From 1984 until 2010 Strathclyde Partnership for Transport (SPT) and its predecessor operated two passenger-only boats, appropriately named the and Yoker Swan. In 2007, a study was started to see the feasibility of replacing the ferry with a bridge, which would allow 24-hour crossings. It would be necessary for the bridge to have a large clearance or be able to open, due to shipbuilding and other river navigation upstream on the River Clyde. The study found that a replacement bridge would cost around fifteen million pounds.

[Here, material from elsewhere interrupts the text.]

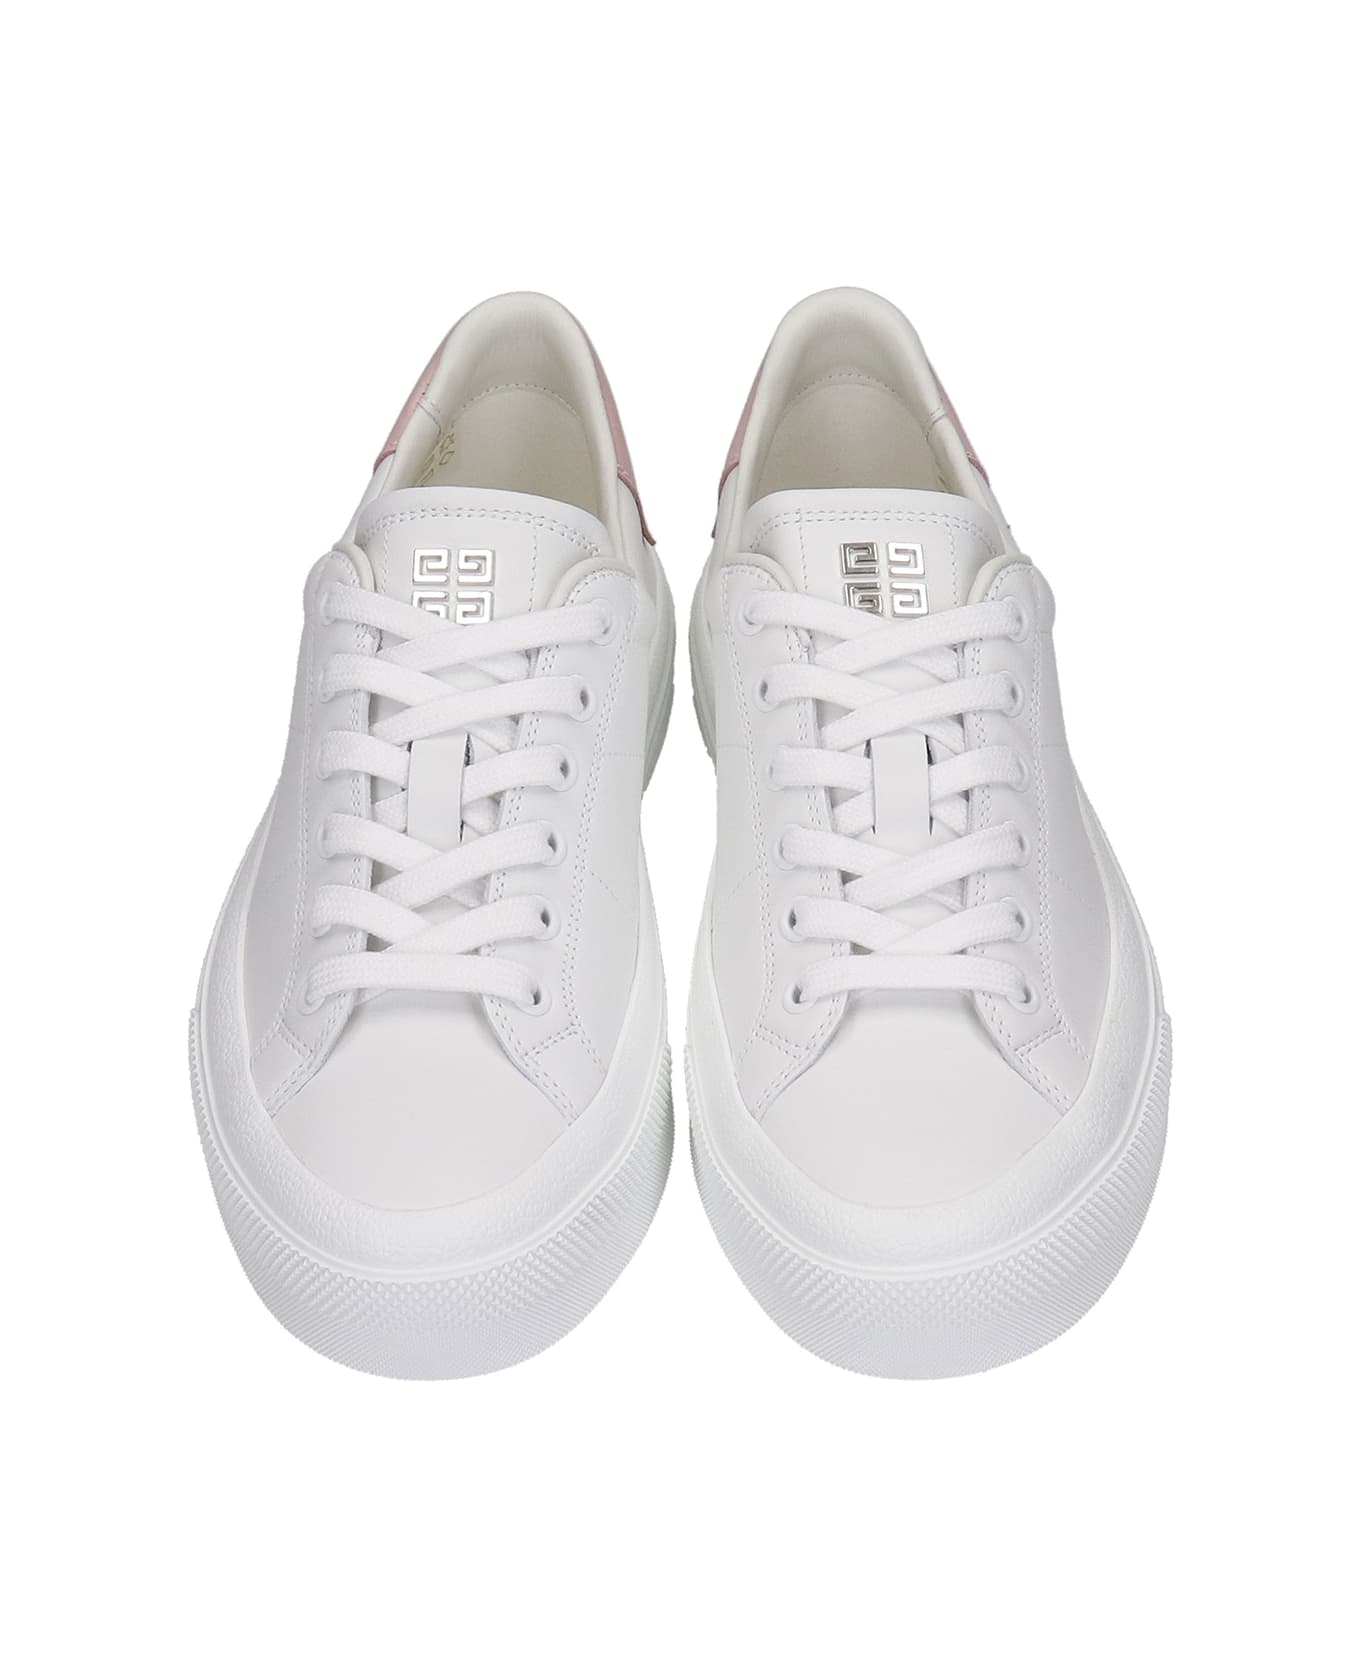 Givenchy Sneakers In White Leather - BIANCO

The Strathclyde Partnership for Transport service ended at the end of March 2010, as part of moves to save £2.5M from their budget. The ferry was making an annual loss of £430,000 and SPT was providing a £3 subsidy for every £1.20 fare paid by passengers. Trials took place to ensure a seamless transition to a private sector service without subsidy. Five contenders included Scottish bus company Stagecoach Group, with an amphibious bus and Inverness-based Clyde River Taxis. The successful company was Argyll-based Silvers Marine, operating as Clydelink, with a small, fast ferry. They inaugurated their service using a William E. Munson Company aluminium vessel, capable of carrying 12 passengers.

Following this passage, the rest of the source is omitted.